In November, Victorian Attorney-General and Minister for Racing Martin Pakula requested that the Victorian Department of Racing be granted access to data stored under data retention in order to prevent corruption.
"I can confirm that his previous access to historical telecommunications data has been critical in the effective conduct of his functions under the Racing Act 1958 (Vic), and I would respectfully request that you give urgent consideration to reinstating access as was authorised prior to 13 October 2015," the letter, written by Pakula to Australian Attorney-General George Brandis, said.
Under the Telecommunications (Interception and Access) Amendment (Data Retention) Act 2015, passed by the Australian government in March and coming into effect in mid October, telecommunications customers' call records, location information, IP addresses, billing information, and other data stored for two years, accessible without a warrant by law-enforcement agencies.
The TIA report does not include info from data retention, noting that it had not yet come into power but would "significantly reduce the number of agencies that may access telecommunications data under the TIA Act".
Under s110A9(1) of the Act, the agencies that have access to data retention [PDF] are the AFP, state police forces; the ACLEI; the ACC; Customs and Border Protection; ASIC; the ACCC; the CC; ICAC; the Police Integrity Commission; the IBAC; CCC Queensland; and the CCC -- although more agencies have requested to join this list.
While the original data-retention Bill had required only the attorney-general of the day to approve more agencies to the list of those that can access the data retained, the Labor Party insisted on an amendment that requires Parliament to approve the addition of any new agencies.
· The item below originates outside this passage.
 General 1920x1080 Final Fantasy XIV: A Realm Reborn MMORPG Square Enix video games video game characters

Only a select number of agencies can now access the data; however, in May, the Department of Immigration and Border Protection (DIBP) was quietly added to the list of agencies permitted to access the data after Parliament passed the Customs and Other Legislation Amendment (Australian Border Force) Bill 2015.
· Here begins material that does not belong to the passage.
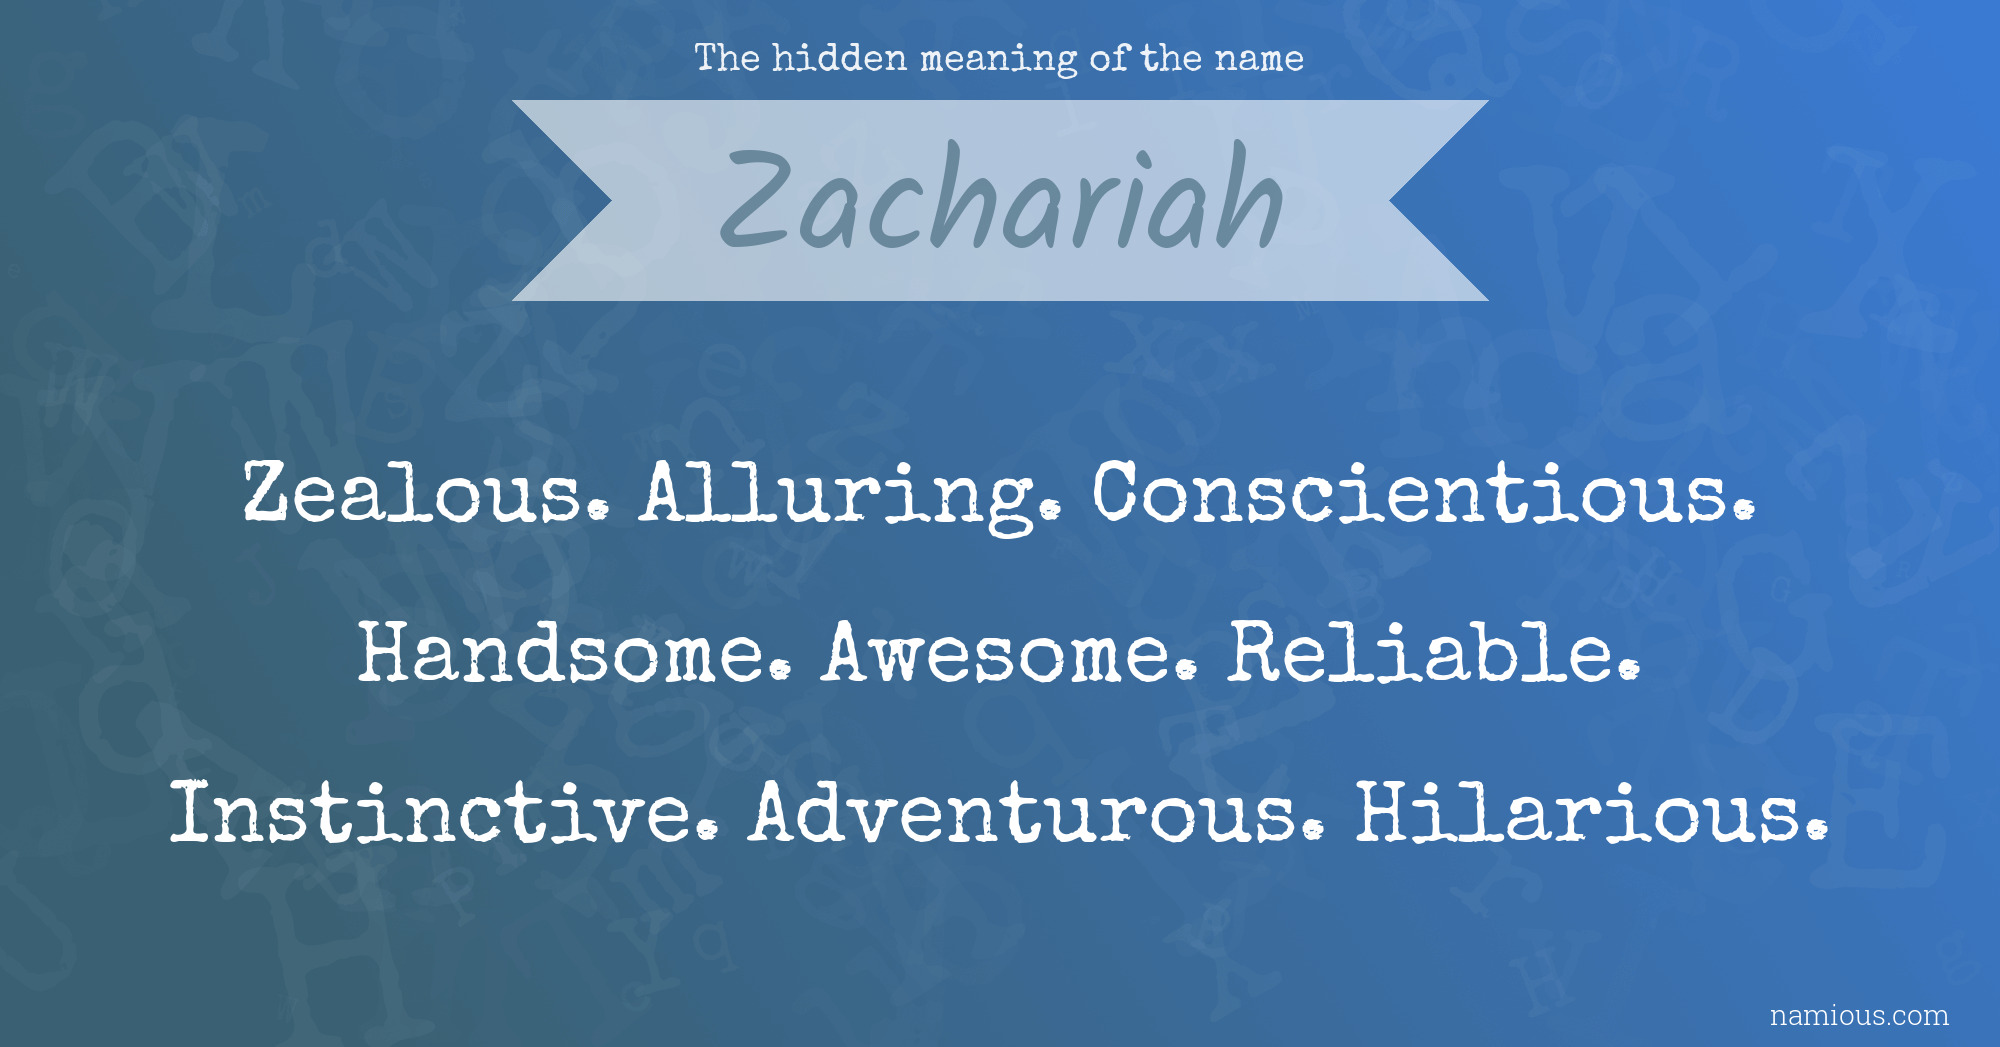 The hidden meaning of the name Zachariah

"[Attorney-General George] Brandis made a great show of narrowing the range of agencies that would be able to access this collected material. And here we are in parliament, on the very next sitting week after that mandatory data-retention Bill passed, and the first example of scope creep lies on the table today," Greens communications spokesperson Senator Scott Ludlam criticised.
The addition of the DIBP side-stepped the Parliamentary Joint Committee of Intelligence and Security approval process, Ludlam said, and came despite the department in question having a poor security track record.